How to lose an engine ! Good vid, Sunny !

Charles


----------



## sunny91 (Jan 30, 2008)

Ar 196
Type Reconnaissance
Manufacturer Arado
Maiden flight May 1937
Introduced November, 1938
Primary users Kriegsmarine
Bulgarian Air Force
Finnish Air Force
Romanian Air Force
Produced 1938-44
Number built 541


Sunny


----------



## evangilder (Jan 30, 2008)

Yikes! That looked like it got REAL hot.


----------



## R-2800 (Jan 30, 2008)

Wow I guess the engine mounts were weak


----------



## wilbur1 (Jan 31, 2008)

Ya think they went back and redesigned the engine mounts?


----------



## Wayne Little (Feb 1, 2008)

8)


----------



## Graeme (Feb 2, 2008)

Thanks Sunny.
The self-destructing Arado 196 is the B-series V4, civil registration OVMB. Only three were built incorporating a single main float with stabilising floats.
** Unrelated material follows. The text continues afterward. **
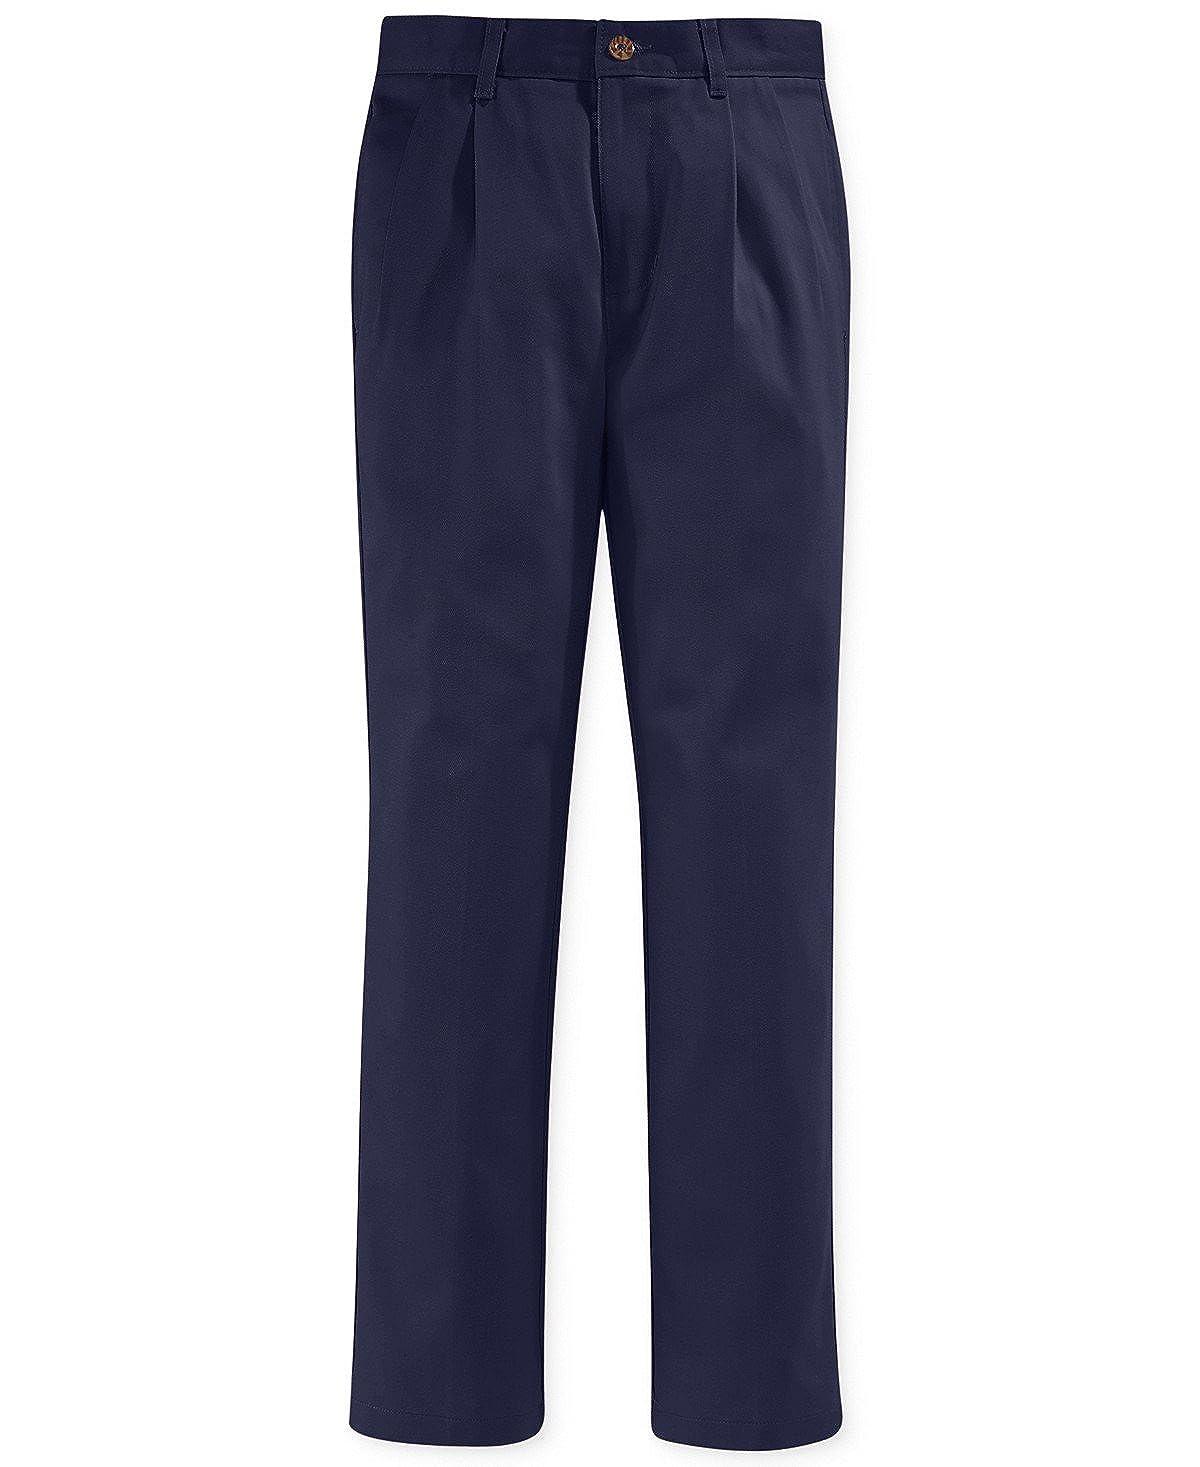 Big Boys Nautica Pleated School Uniform Pants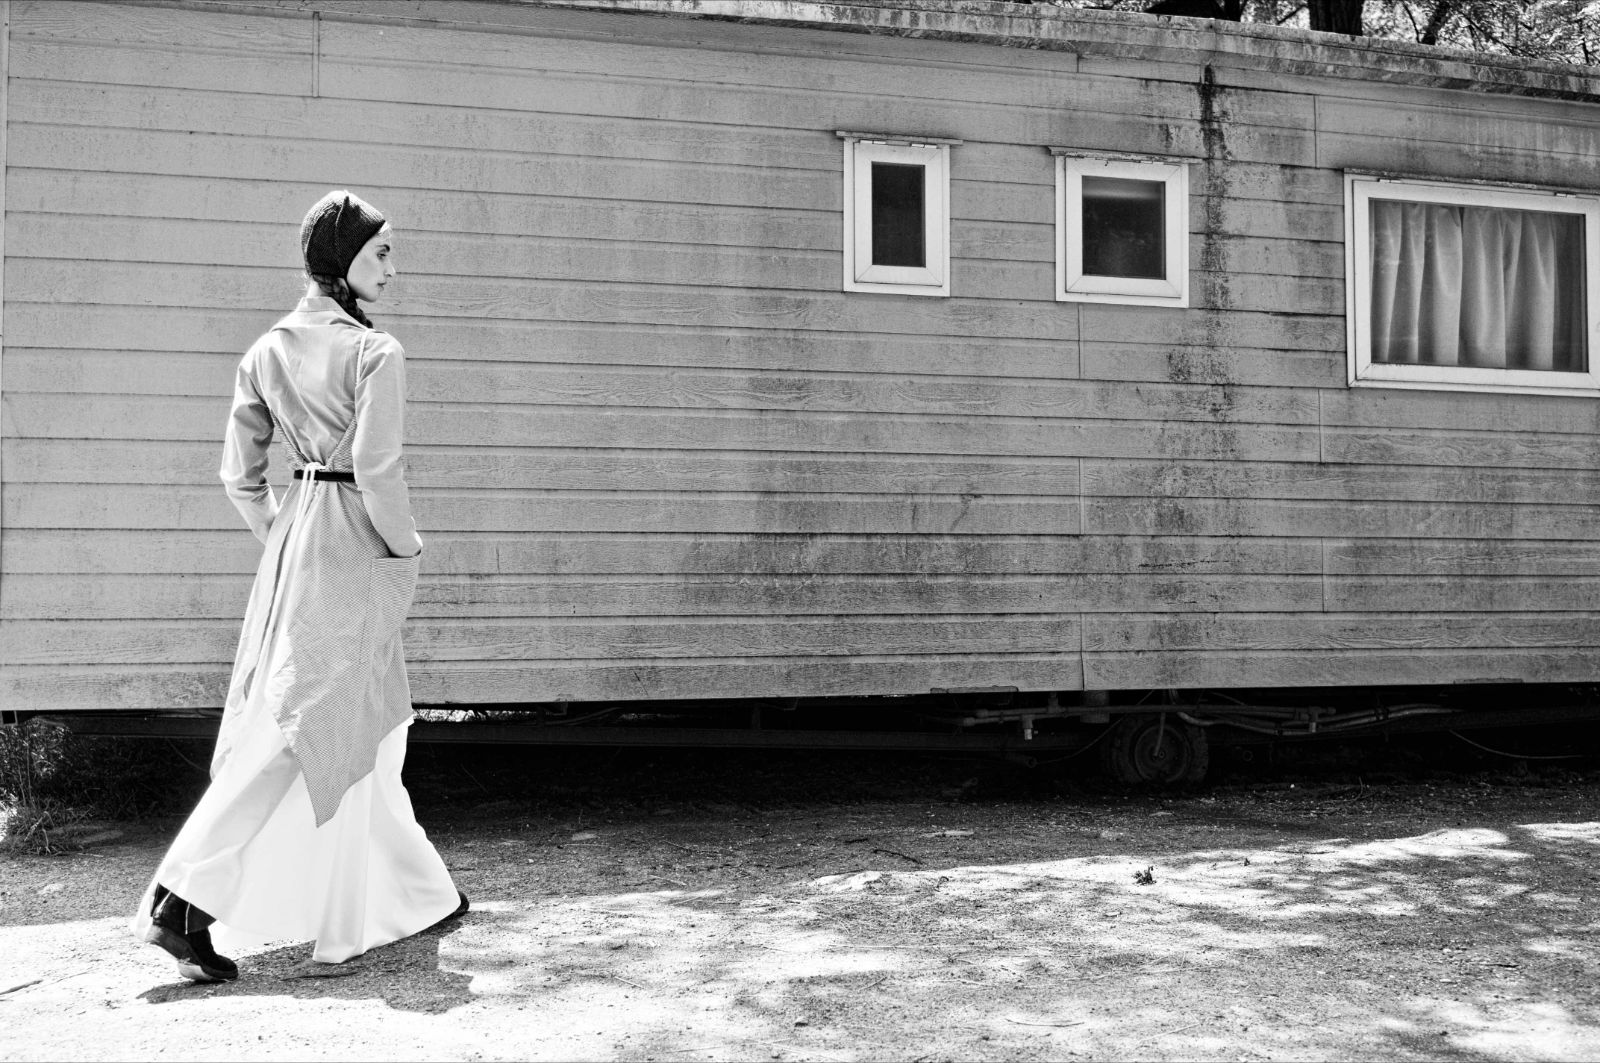 Amish-Attitude_05web

Based on a lengthy evaluation (the stabilising floats tended to 'dig-in' on choppy seas) it was decided to manufacture the twin float A-series.


----------



## sunny91 (Feb 2, 2008)

thanks for the info Graeme..

Sunny


----------



## Wildcat (Feb 4, 2008)

Great clip Sunny!


----------